Anyway, nowadays you wouldn't see me making the same statements anymore.

My first issue appeared when I was maintaining an Android app written in Java.
I needed an library for some functionality. The only maintained ones were
kotlin-libs. But interoperability, right? I didn't hesitated to include it.
There is no way to use or extend functionality with typealiases in your java
code.

IntelliJ can compile Kotlin into Java and it is easily accessible. But there
is no adb debugger for kotlin.

Null Safety is just overhead imho. I know when it is appropriate or neccessary
to check for null, otherwise i can get rid of it. And its more easily grep-
pable the Java way.

Writing Kotlin is not so fluent as one would guess, the tooling only fools
you, that it is. You can easily make use of actions like typing pfi (extends
to public final int) for java aswell.

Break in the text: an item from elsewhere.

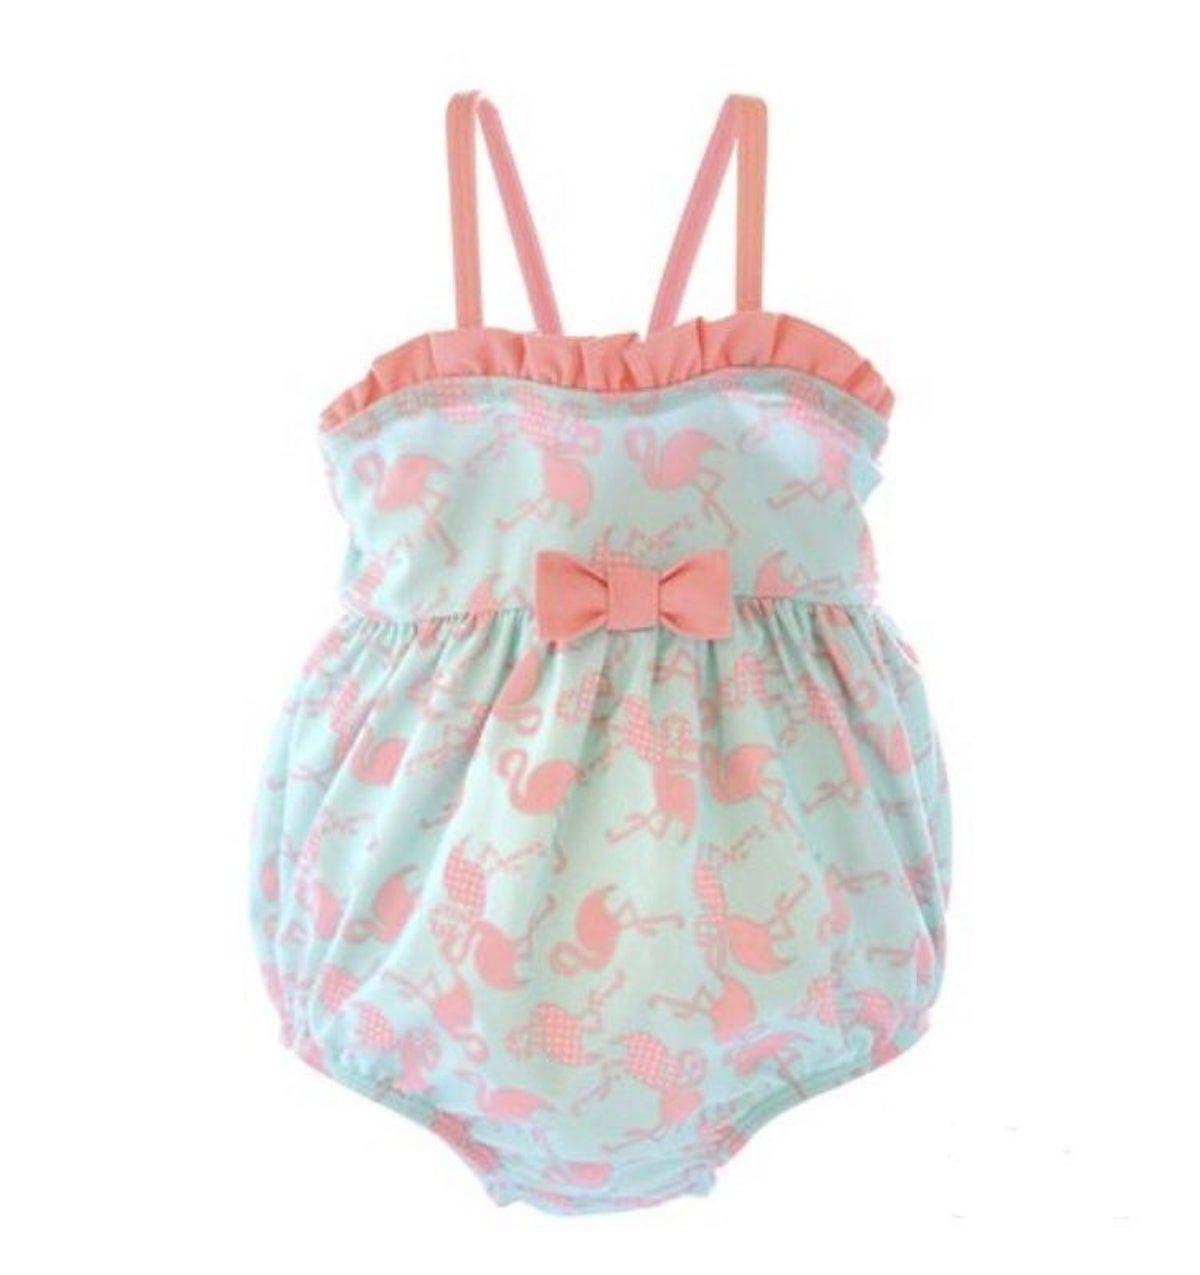 Infant Bathing Suit | Baby girl swimsuit, Newborn girl
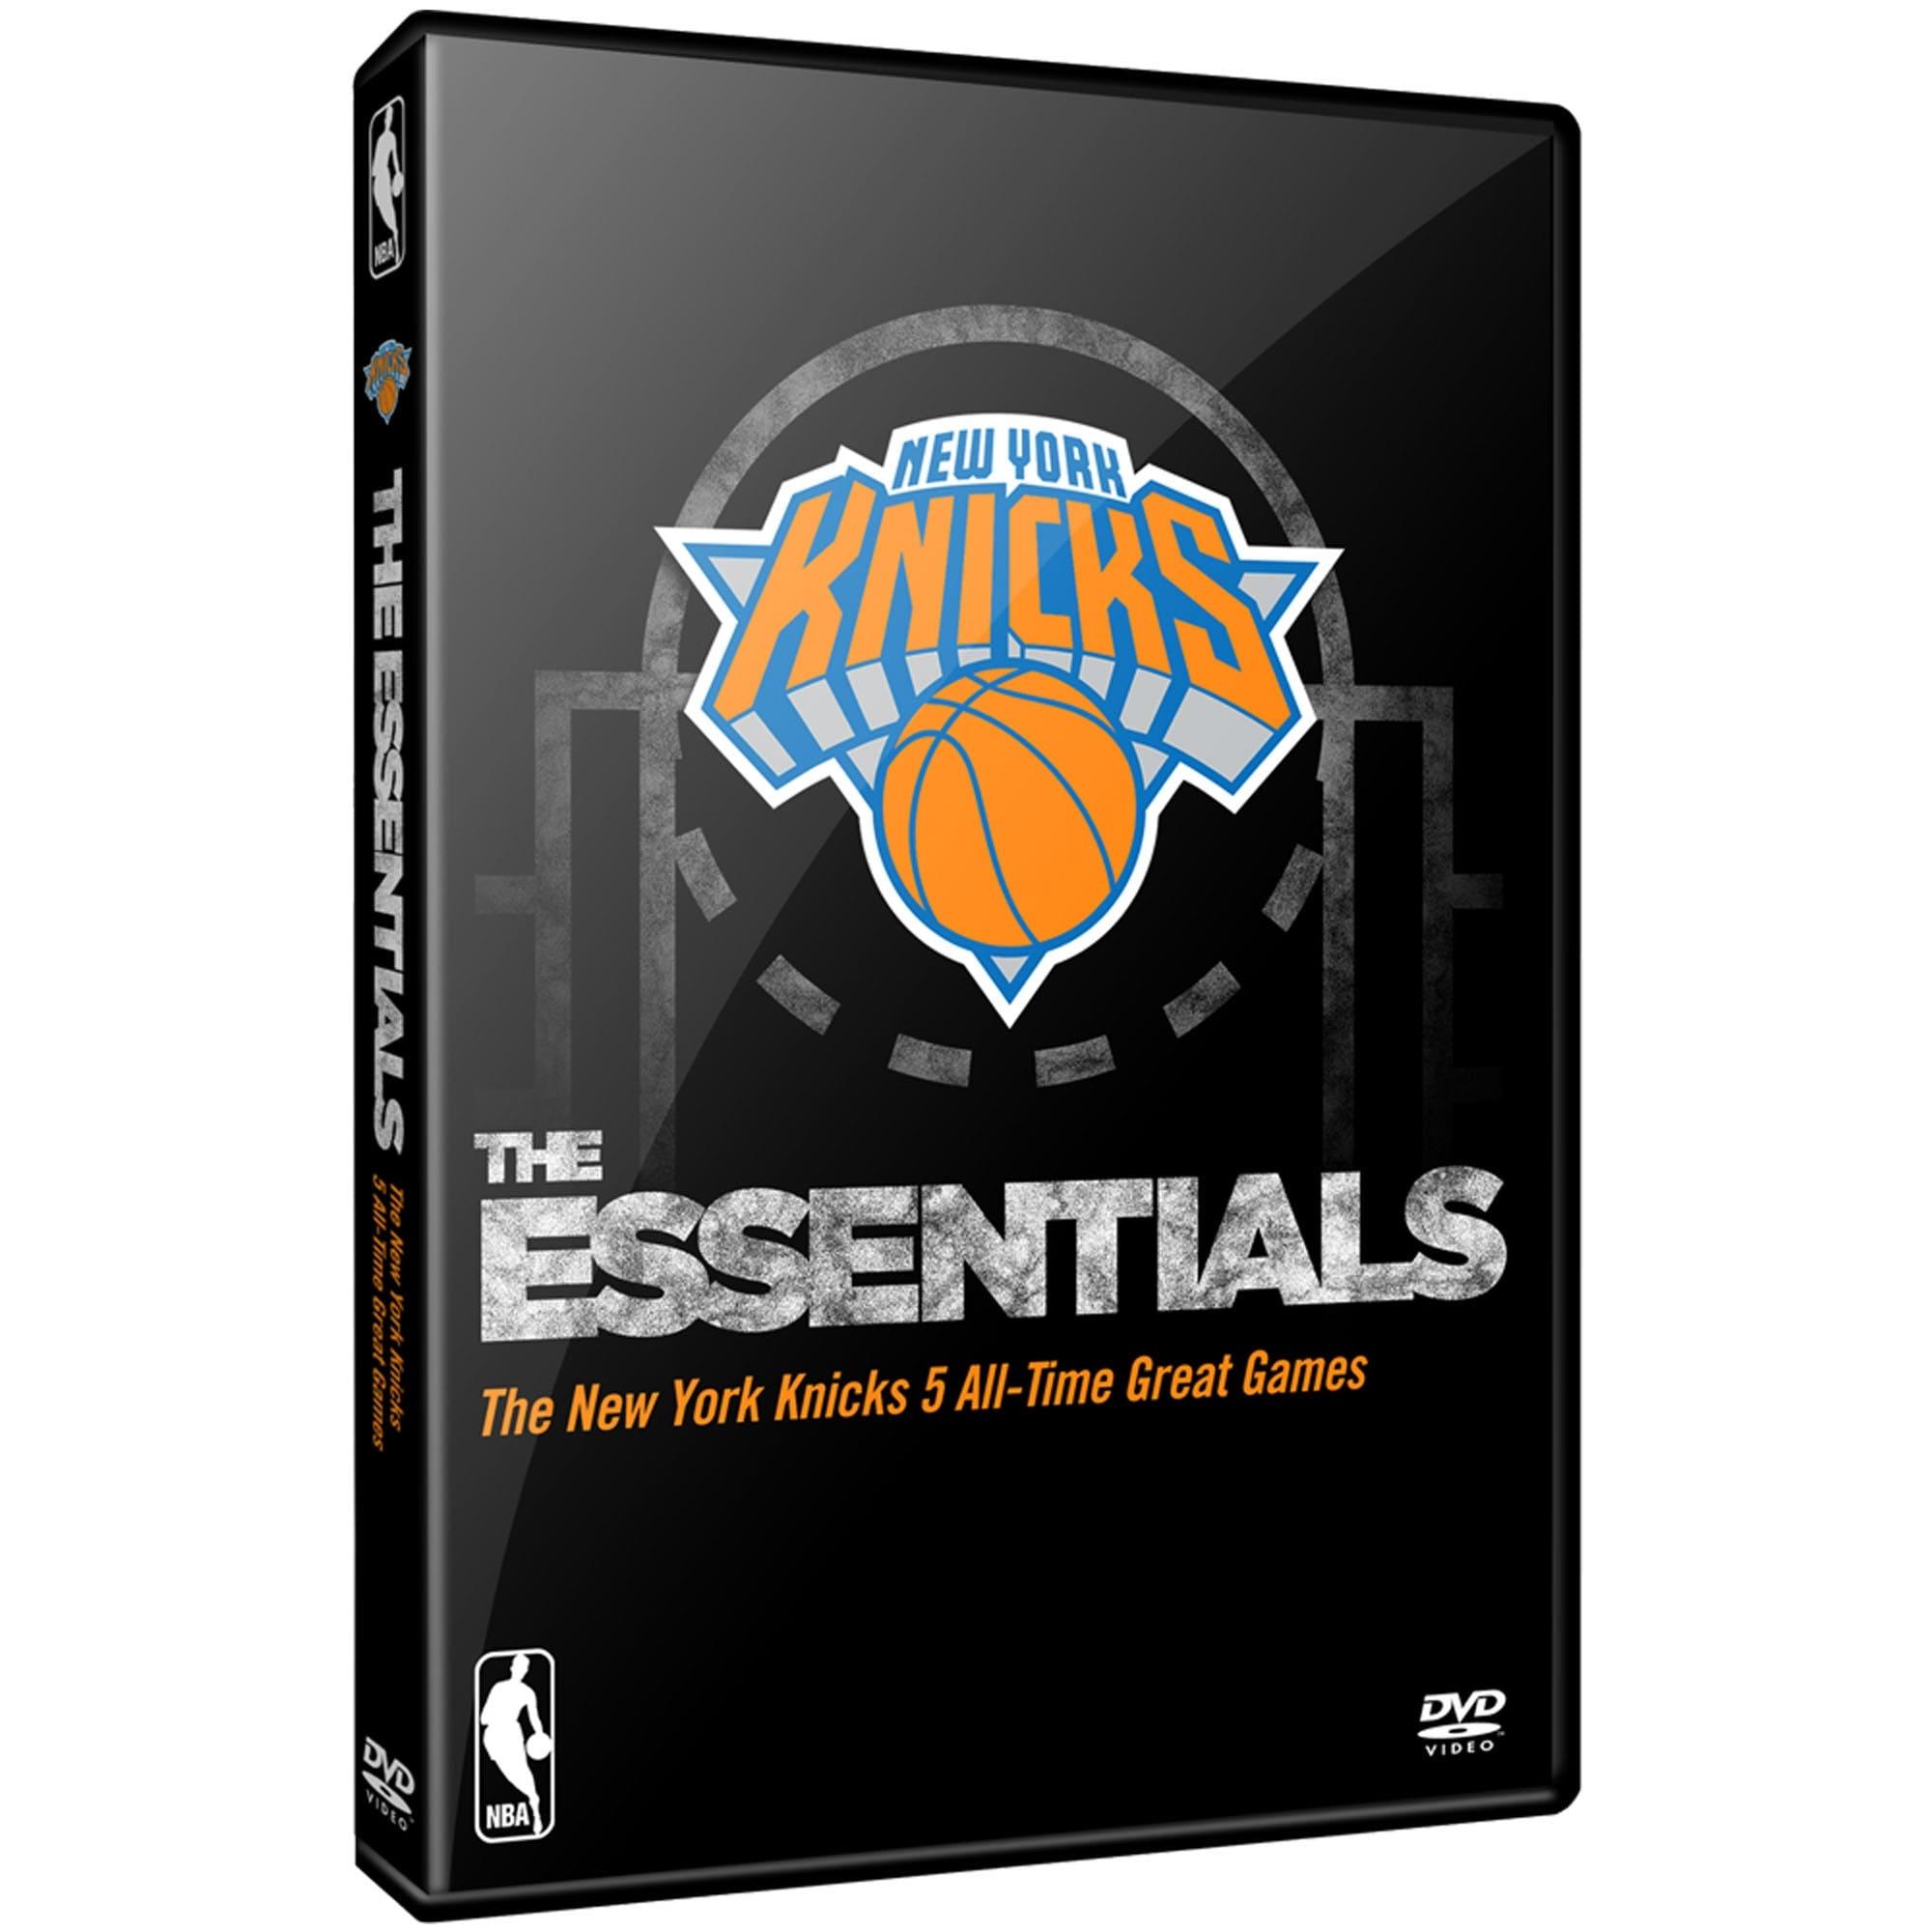 New York Knicks NBA Essentials DVD

But when your property changes from
nullsafe to nullable, you need to rewrtiging eeevverything.

Additionally, i do not like the implicit type on member property declarations
used by almost anybody. The benefit of typing less boilerplate becomes
annoying when reading sources outside your ide.

Boilerplate in my opinion is code i need to write by myself. When it is
generated by any IDE, i do not bother about it. We are so familiar with Java
that we can abstract this boilerplate when reading sources.

Spelling Kotlin to somebody via telephone is also strange for me.

I stopped promoting Kotlin as a Java killer. Code style is too different
between different developers.

And why are we creating the same libraries once again?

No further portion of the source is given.